Reenacting Death: Aristotelian Catharsis and Afro-Cuban Subjectivity in Virgilio Piñera’s Electra Garrigó

By Konstantinos P. Nikoloutsos

Recent scholarship on the reception of classical drama in Latin America has attempted to shed light on the ways in which ancient themes and ideas are renewed through interaction with African-based religious beliefs and practices, by focusing on José Triana’s Medea in the Mirror (Havana, 1960), the second adaptation of a story drawn from classical tragedy in the history of post-Independence Cuban theater (Nikoloutsos 2012: 25-7). This paper aims to explore this intersection further through a different case study, Virgilio Piñera’s Electra Garrigó.

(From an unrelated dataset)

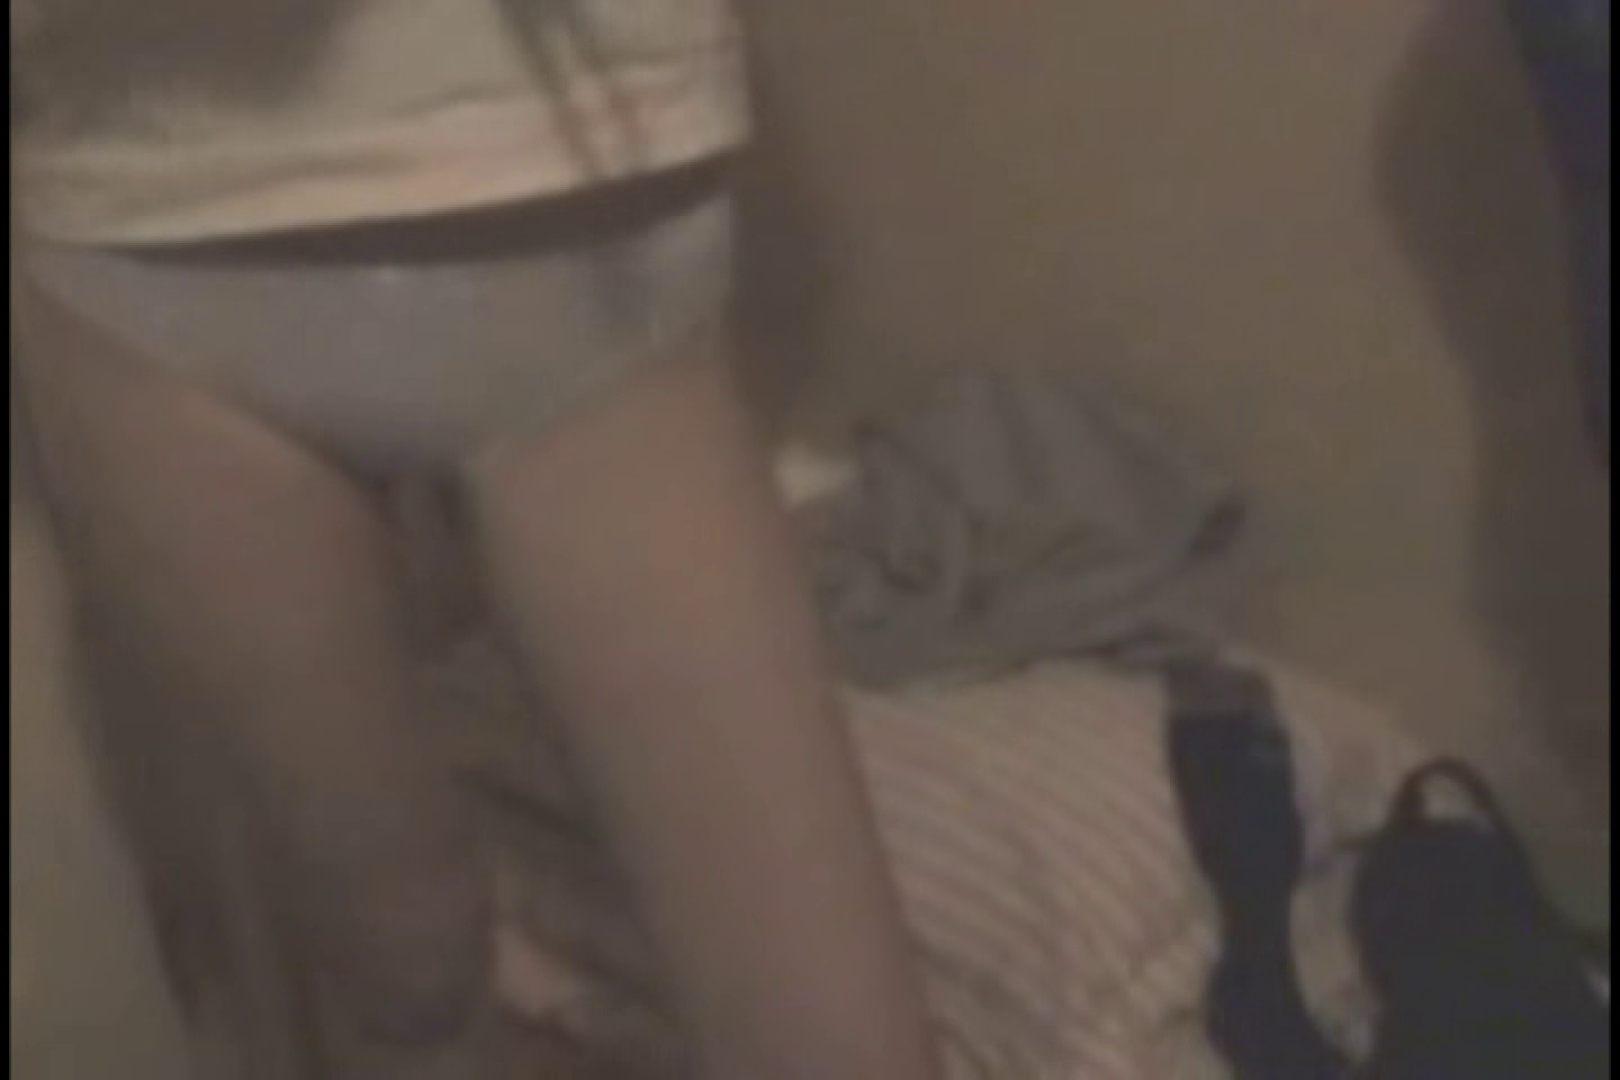 コリアン素人流出シリーズ 素人セフレ仲間でセックスパーティー 流出作品 盗み撮り動画 94pic 27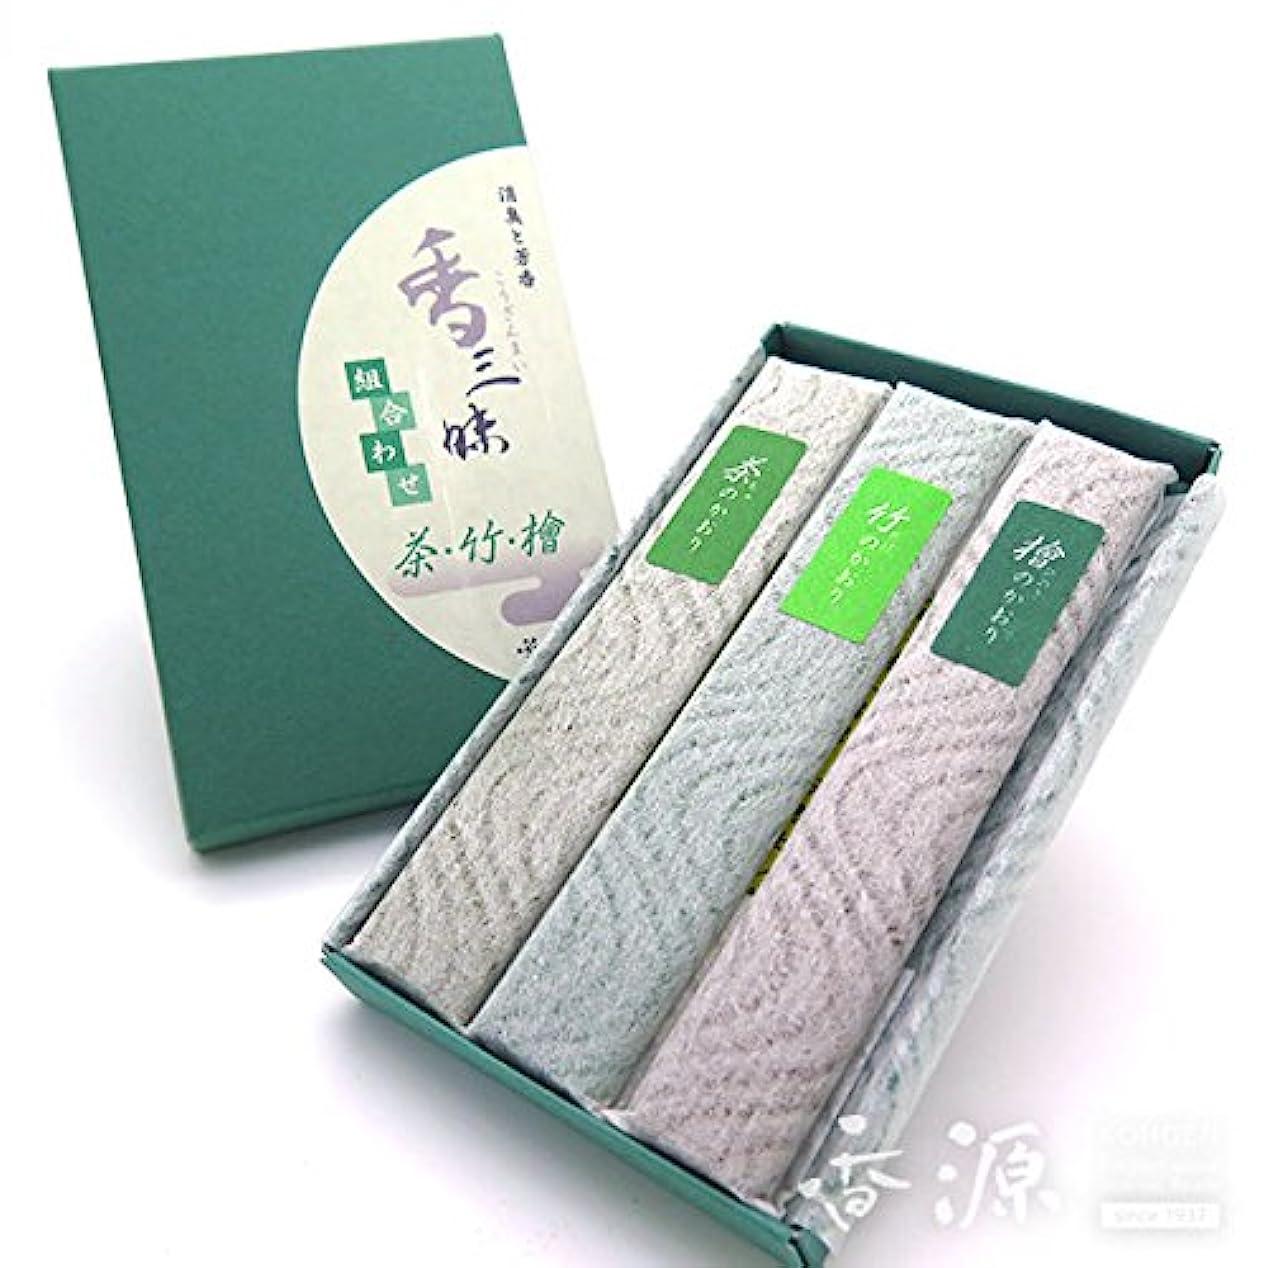 うぬぼれた重量包括的フラボノイドで消臭 薫寿堂のお香 香三昧 茶?竹?檜(チャ?タケ?ヒノキ)

Afro-Brazilian Identity and the Greeks in Meleagro and Dionísio esfacelado

By Andrea Kouklanakis

This paper examines two distinct ways in which Classical references are incorporated into literary works dealing with the African experience of diaspora in Brazil. Meleagro (1951), by folklorist Luís da Cãmara Cascudo (1898-1986), is an anthropological study on the origins and practice of Afro-Brazilian witchcraft (Catimbó). The book betrays a clear Eurocentric perspective as already expressed in its title.